DATA FOR THIS EXERCISE
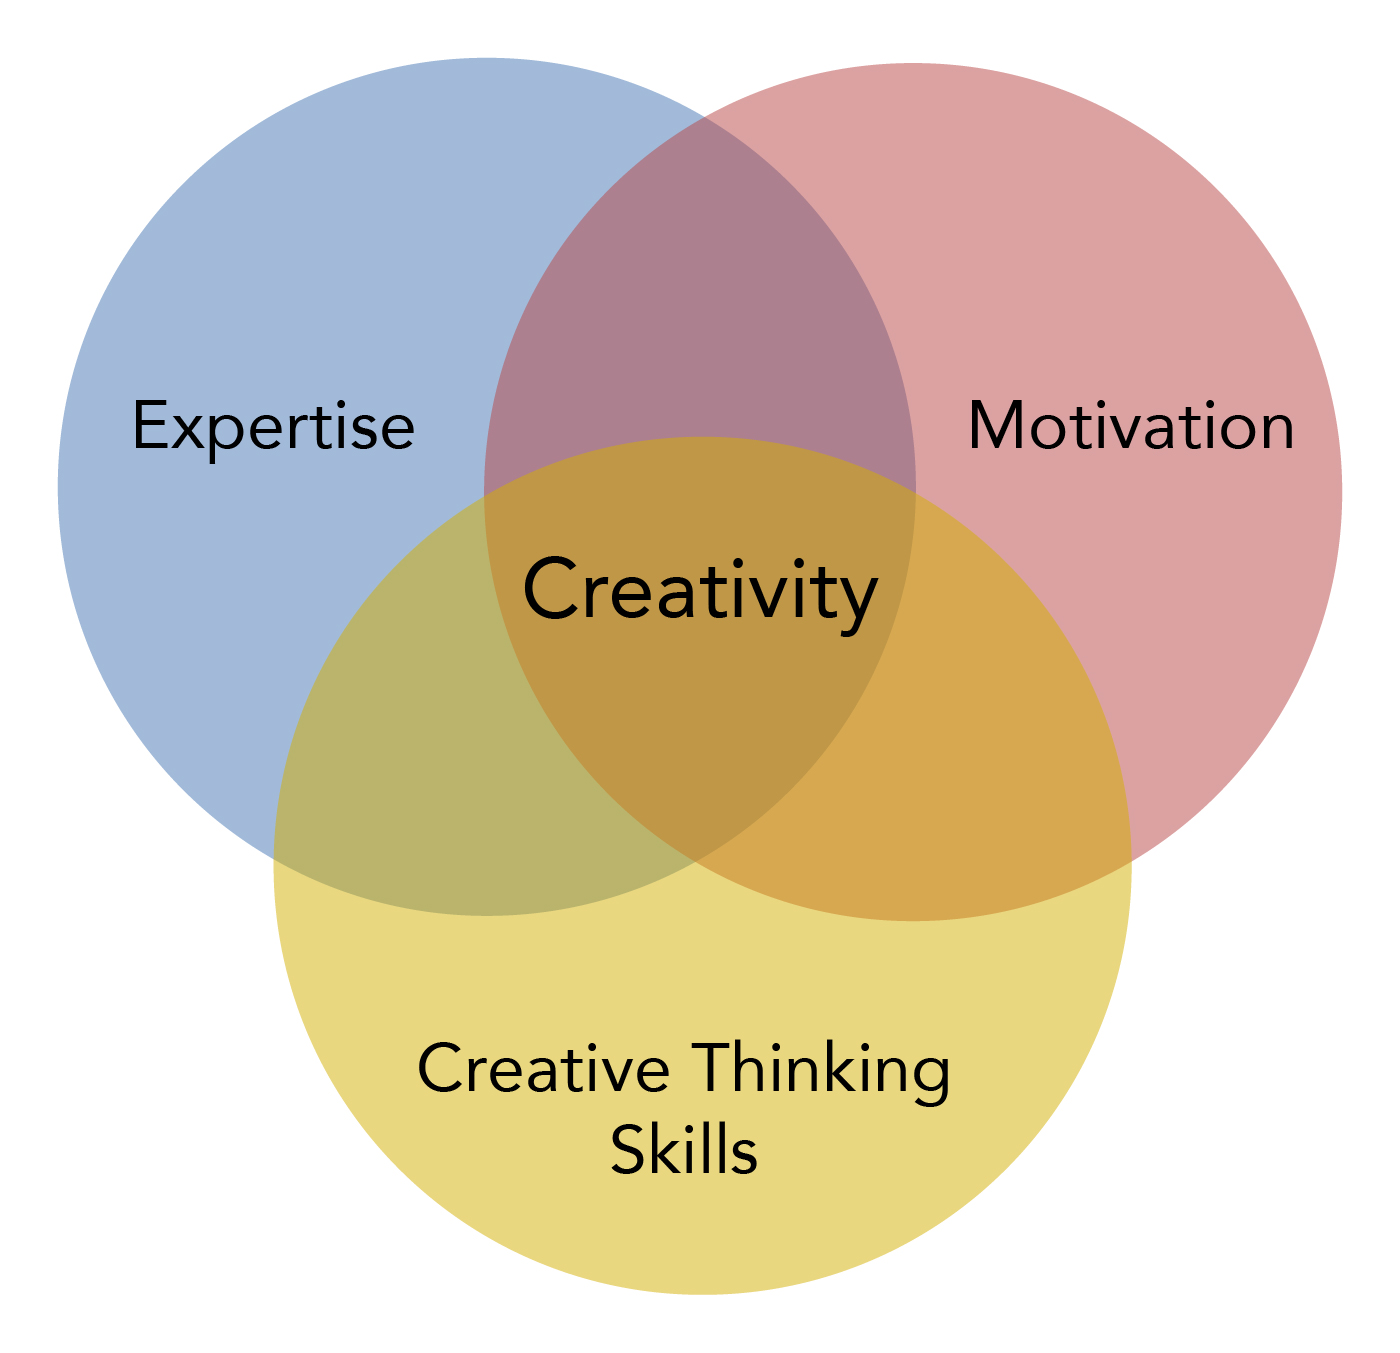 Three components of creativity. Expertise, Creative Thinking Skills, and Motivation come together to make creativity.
...
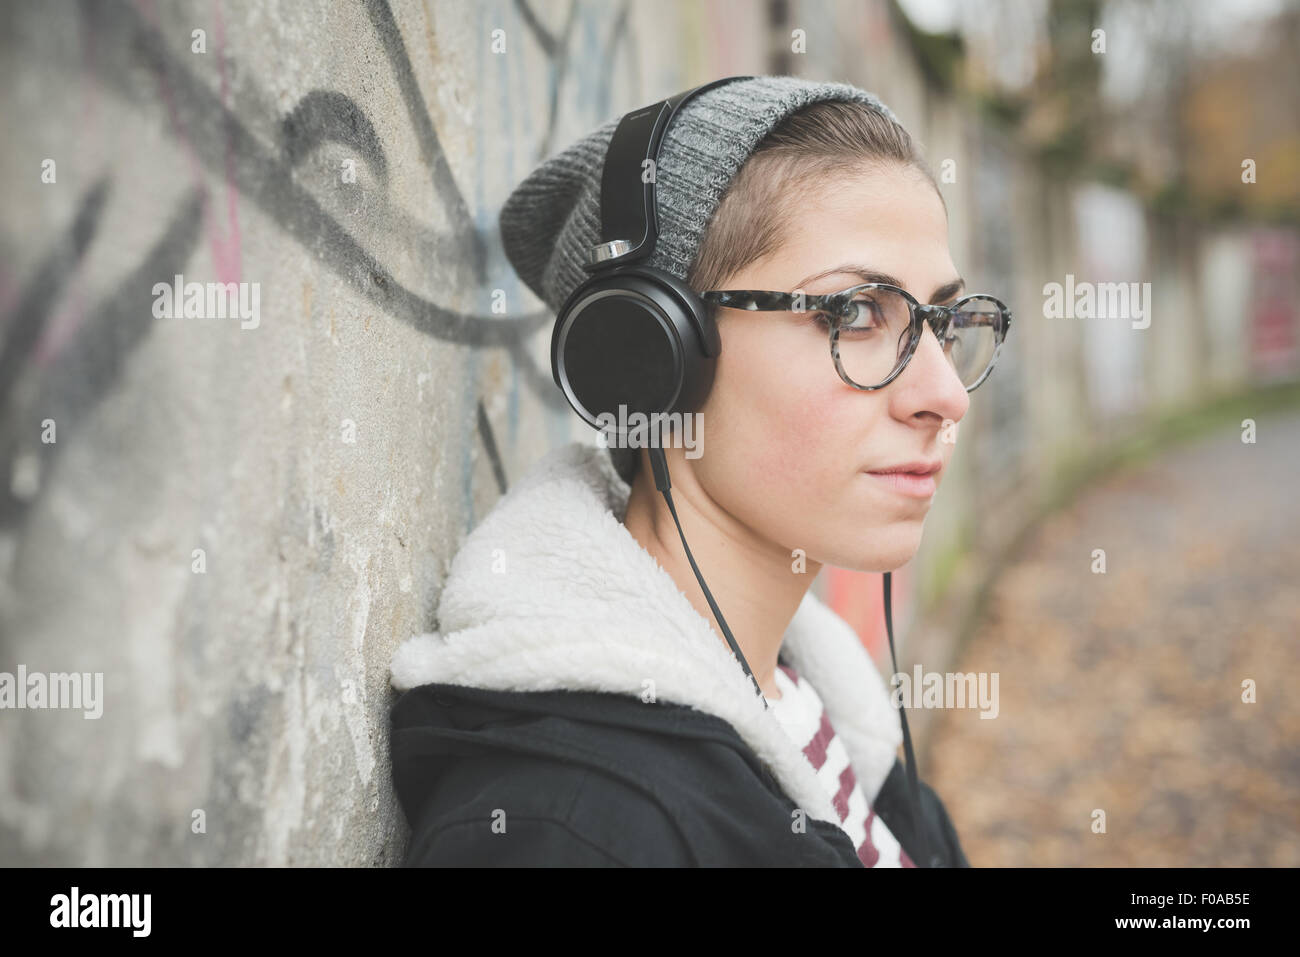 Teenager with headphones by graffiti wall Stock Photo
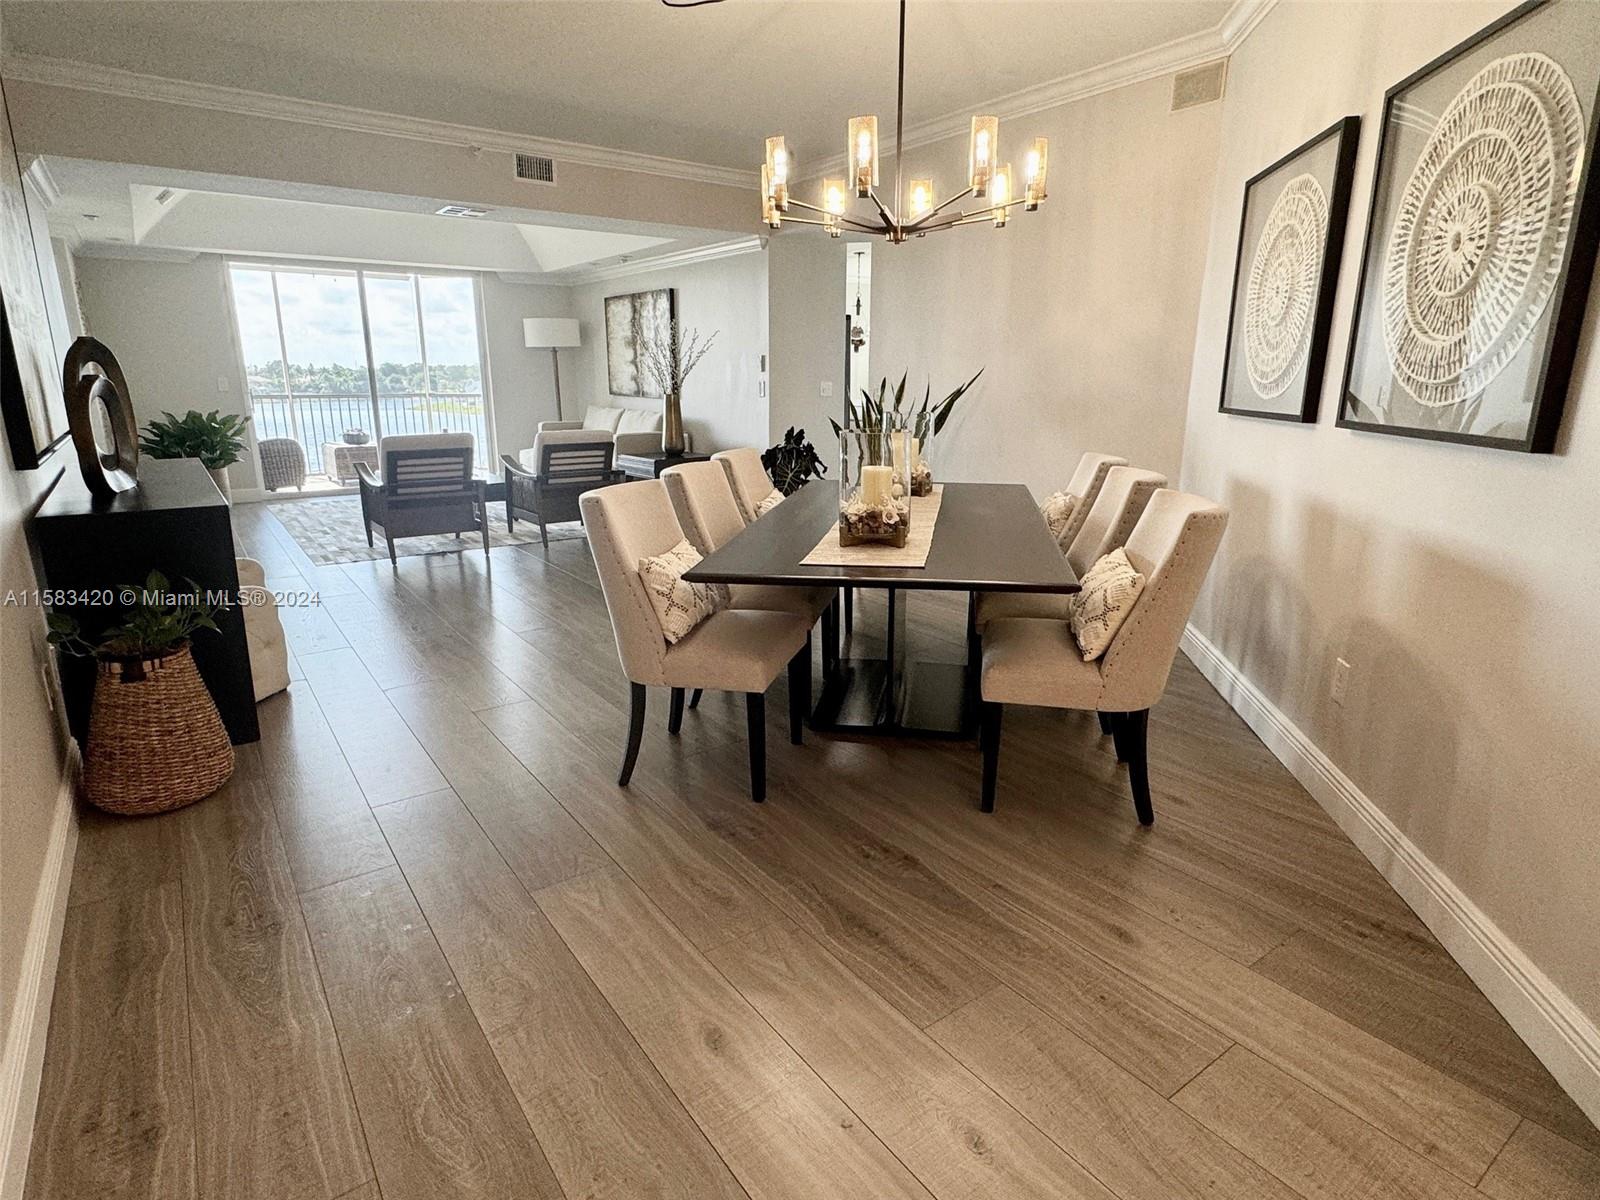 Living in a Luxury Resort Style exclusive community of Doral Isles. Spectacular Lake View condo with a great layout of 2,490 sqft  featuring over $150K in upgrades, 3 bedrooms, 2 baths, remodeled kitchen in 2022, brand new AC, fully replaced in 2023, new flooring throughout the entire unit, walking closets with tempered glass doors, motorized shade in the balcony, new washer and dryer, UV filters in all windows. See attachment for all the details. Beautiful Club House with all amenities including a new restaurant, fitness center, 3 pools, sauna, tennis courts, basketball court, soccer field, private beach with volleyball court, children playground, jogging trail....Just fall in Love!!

TASK STATEMENT
Look above for the line with "Teenager with headphones" and the line with "Living in a". Output those two and everything between them exactly, pictures excluded.

RESPONSE
 Teenager with headphones by graffiti wall Stock Photo
 Living in a Luxury Resort Style exclusive community of Doral Isles. Spectacular Lake View condo with a great layout of 2,490 sqft  featuring over $150K in upgrades, 3 bedrooms, 2 baths, remodeled kitchen in 2022, brand new AC, fully replaced in 2023, new flooring throughout the entire unit, walking closets with tempered glass doors, motorized shade in the balcony, new washer and dryer, UV filters in all windows. See attachment for all the details. Beautiful Club House with all amenities including a new restaurant, fitness center, 3 pools, sauna, tennis courts, basketball court, soccer field, private beach with volleyball court, children playground, jogging trail....Just fall in Love!!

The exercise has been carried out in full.